I like GC in scripting languages and in functional and math-oriented languages. Whatever naive GC is there usually suffices (some are awful though), and if it doesn't the languag is still suitable for prototyping most things.

Name: Anonymous 2014-05-30 6:52

>>20
why didn't the [ i ] and [ / i ] work?

Name: Anonymous 2014-05-30 7:02

>>21
It worked in the preview. It happened to me once before too with [m] and [/m].

Name: Anonymous 2014-05-30 7:18

>>19
Because I didn't know about it? Region-based memory management looks much nicer than forced GC, I'll dig into it, thanks.

Name: Anonymous 2014-05-30 9:02

>>23
You will hate me for this, but Rust uses regions.

Name: Anonymous 2014-05-30 9:08

>>19
a sane person would not use anything other than C or assembly in systems programming
And that's why the NSA is rooting everyone's anii.
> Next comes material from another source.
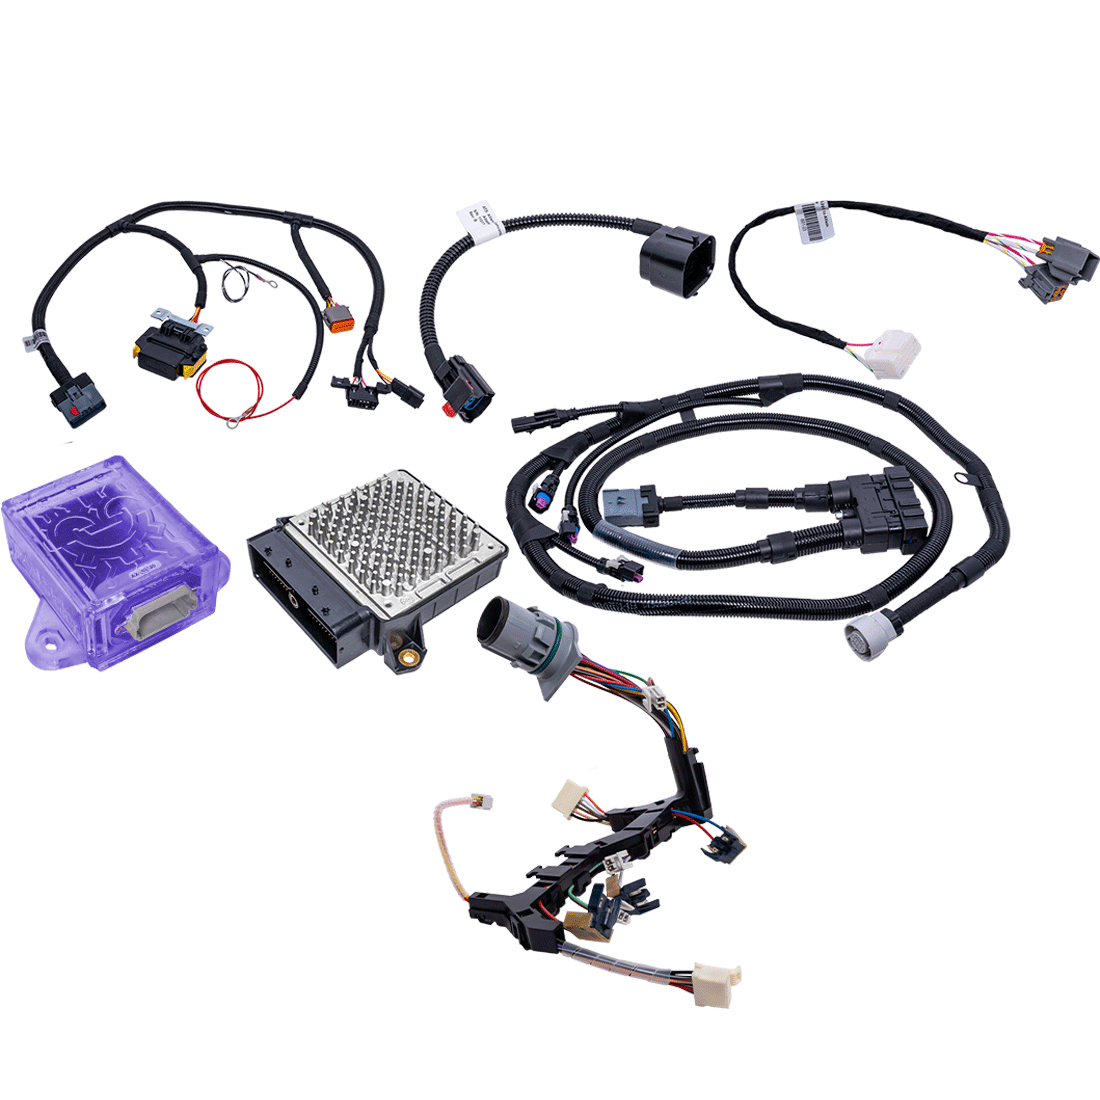 ATS 3190522392 Electronics Upgrade Kit Allison Conversion 68RFE 2013-2014 2006-2010 6 Speed Allison Used in Conversion

Name: Anonymous 2014-05-30 12:44

>>24
I hate you

Name: Anonymous 2014-05-30 13:05

>>24
Rust shill detected.

Name: Anonymous 2014-05-30 13:51

>>27

What's a "shill"? I remember "shill jobs" in the
Thieves Guild in Skyrim, they were about planting
false evidence in people's houses. So are /prog/
shillers the ones who post illegal stuff to make
the government shut it down?

Name: Anonymous 2014-05-30 14:54

>>28
i'll plant something in your anus if you catch my drift

Name: Anonymous 2014-05-30 15:46

>>28
Also heist jobs, sweep jobs, numbers jobs, bedlam jobs, fishing jobs. Good times. Except you had to play it all in your head because vanilla Skyrim is a casual console piece of shit.